About Yodo Labs

Yodo Labs is an applied AI research and engineering company based in Tokyo and Osaka. We build AI systems for industrial inspection, measurement, and operational decisions, combining computer vision and language models to produce judgments people can act on. Deployed in the real world, not just demos.

About the Role

You have trained models that work beautifully on a benchmark and fail on the factory floor. You have dealt with the dataset that has ten thousand normal examples and three defective ones. You know that the gap between a research prototype and a system a maintenance crew actually uses is not a deployment problem -- it is a modelling problem.

At Yodo Labs, we build vision systems that make accurate visual judgments in the field. Our models need to detect defects that barely exist in any dataset, measure dimensions from a single smartphone image, and verify safety-critical connections before a crew energises a line. They need to do this in 10-50MB, fully offline, on hardware that was not designed for AI.

As a Computer Vision Engineer, you will own the pipeline from data to device. You will generate synthetic training data for defects our clients have seen three times in ten years. You will fine-tune vision-language models on tasks where the training set is a handful of reference images and a conversation with an inspector. You will distil the result into something that runs on a phone in a tunnel with no connectivity.

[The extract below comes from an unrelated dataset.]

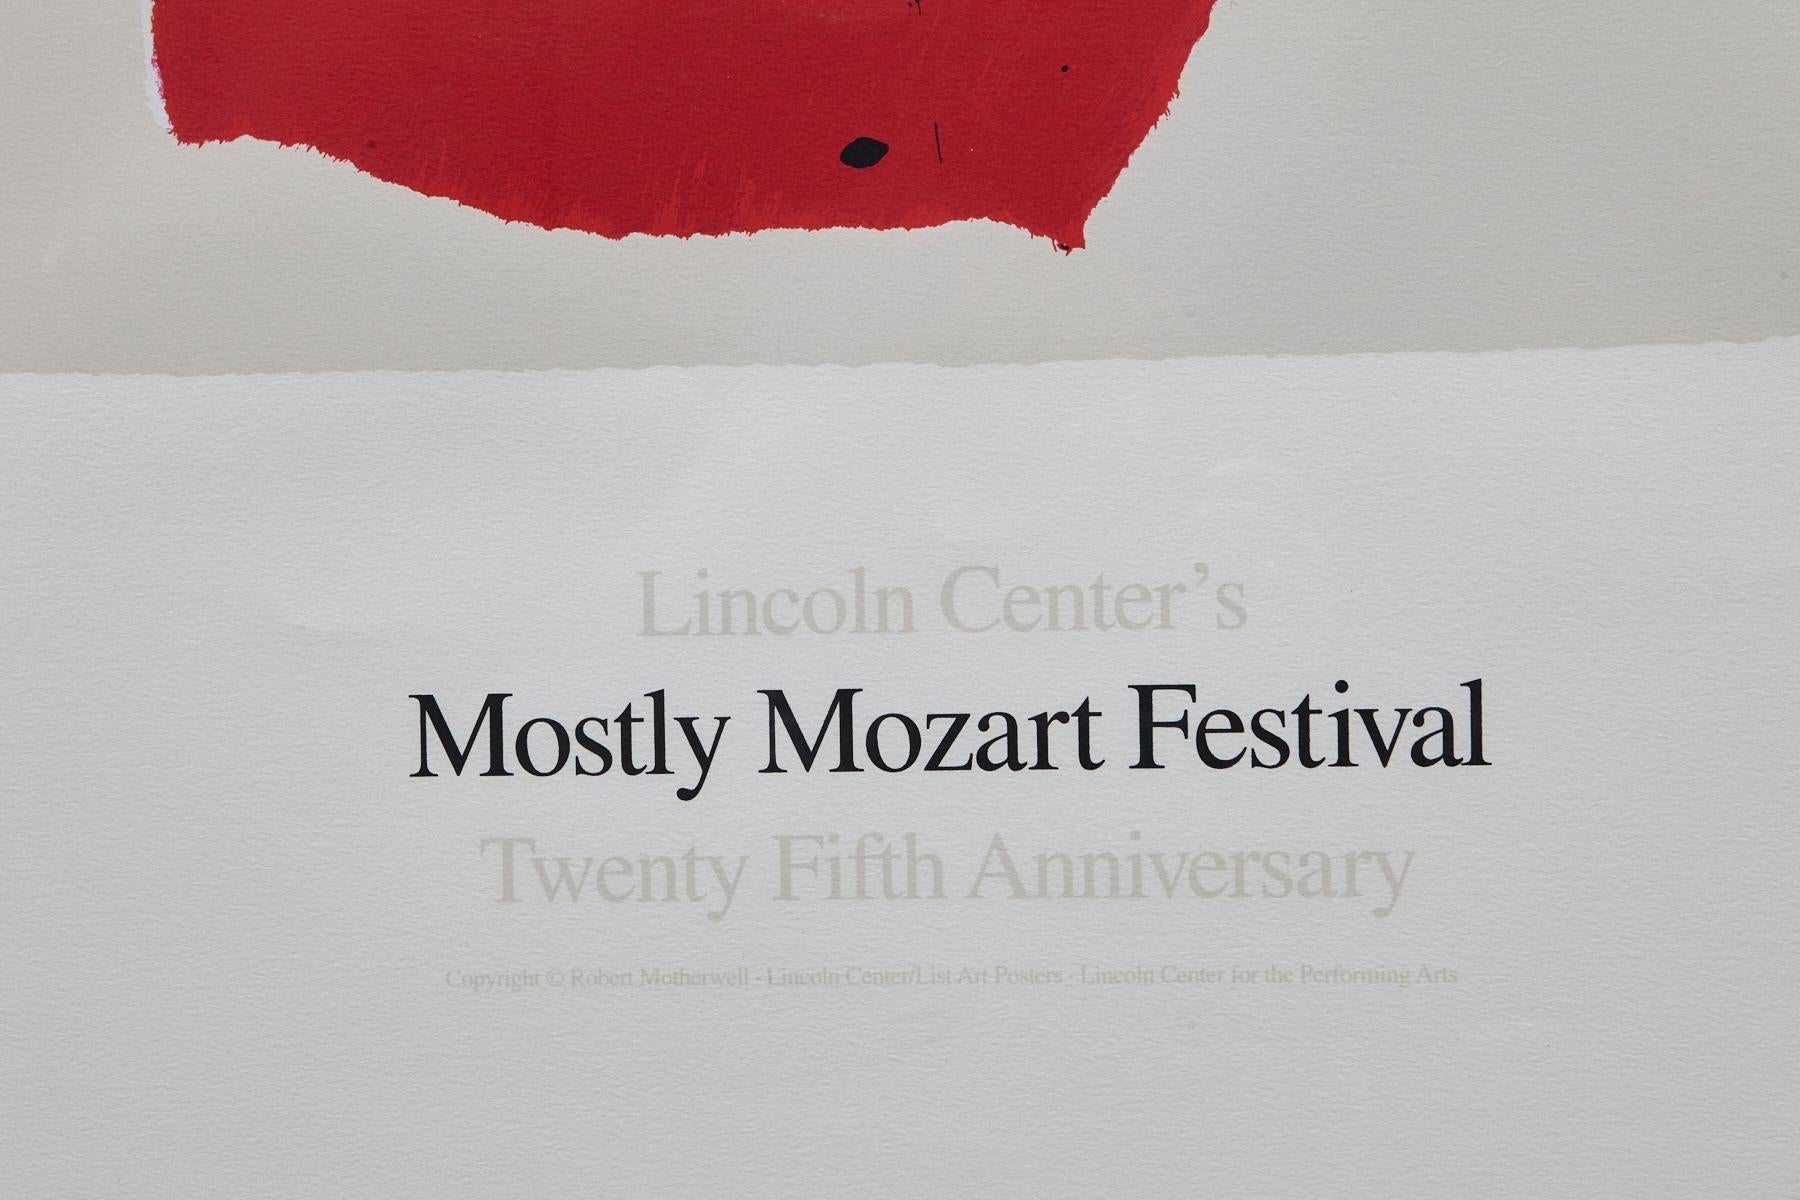 Das Mostly Mozart Festival des Lincoln Center – 25. Jahrestag des Lincoln Center (Grau), Abstract Print, von Robert Motherwell

This is not a research role and it is not a pure engineering role. It is both, simultaneously, because the problems demand it.

What You Will Do

Design and train vision models for field inspection, measurement, and safety verification -- each deployment is a new domain with minimal existing data
Build and maintain synthetic data generation pipelines: take a handful of real examples and produce the thousands of training samples needed to cover the long tail of rare cases
Fine-tune vision-language models to learn new inspection tasks from few-shot examples and natural language task descriptions
Distil large models into compact on-device models (10-50MB) that run fully offline on smartphones and edge hardware
Deploy, test, and iterate models in real field conditions -- your work ships to construction sites, rail corridors, and substations, not just a dashboard

Representative projects

Building a synthetic data pipeline for rail overhead equipment wear detection, starting from twelve reference images provided by the client and generating a training set covering crack patterns, corrosion stages, and environmental conditions the client has never photographed
Fine-tuning a vision-language model to perform live-line connection verification for a utility company, where the task definition comes from a two-hour conversation with a senior inspector rather than a labelled dataset
Distilling a 2B-parameter vision model into a 30MB on-device model that maintains 95%+ accuracy for surface defect detection on a manufacturing line, running inference in under 200ms on a standard smartphone
Designing an active learning loop where field crews flag uncertain predictions, feeding real-world edge cases back into the training pipeline without requiring ML expertise from the crew

You may be a good fit if you have

Strong experience in computer vision: object detection, segmentation, image classification, or visual inspection -- you have trained models and evaluated them honestly
Hands-on experience with model compression: distillation, quantisation, pruning, or on-device deployment (ONNX, CoreML, TFLite, or similar)
Familiarity with vision-language models (CLIP, LLaVA, Florence, or similar) and how to adapt them to new domains with limited data
A pragmatic approach to data scarcity -- you reach for synthetic data, augmentation, and few-shot learning before asking for ten thousand labelled examples
Experience with PyTorch and comfort working across the full pipeline from training to deployment
The instinct to test in the real world -- you know a model is not done when the loss curve flattens, it is done when it works on site
Business-level English; Japanese is helpful but not required

Candidates need not have

Publications in top-tier vision conferences -- we care about what you have built and shipped, not your citation count
Experience with our specific industries -- if you can learn what a rail clearance check looks like, the domain knowledge follows
A PhD -- strong engineering skills and genuine curiosity about vision problems matter more than credentials

How to Apply

Send an email to team@yodolabs.jp with the subject line "Computer Vision Engineer (Full-time) -- [Your Name]". Please include:

Your CV or resume
A brief description of a vision model you have built that you are proud of -- we want to understand the problem, your approach, and what you learned
Links to your GitHub profile or relevant project repositories

Logistics

Location: Tokyo / Osaka, Japan -- remote-friendly Work style: Flexible hours; occasional site visits to client facilities Visa sponsorship: We sponsor work visas for Japan where possible

We encourage you to apply even if you do not meet every qualification listed.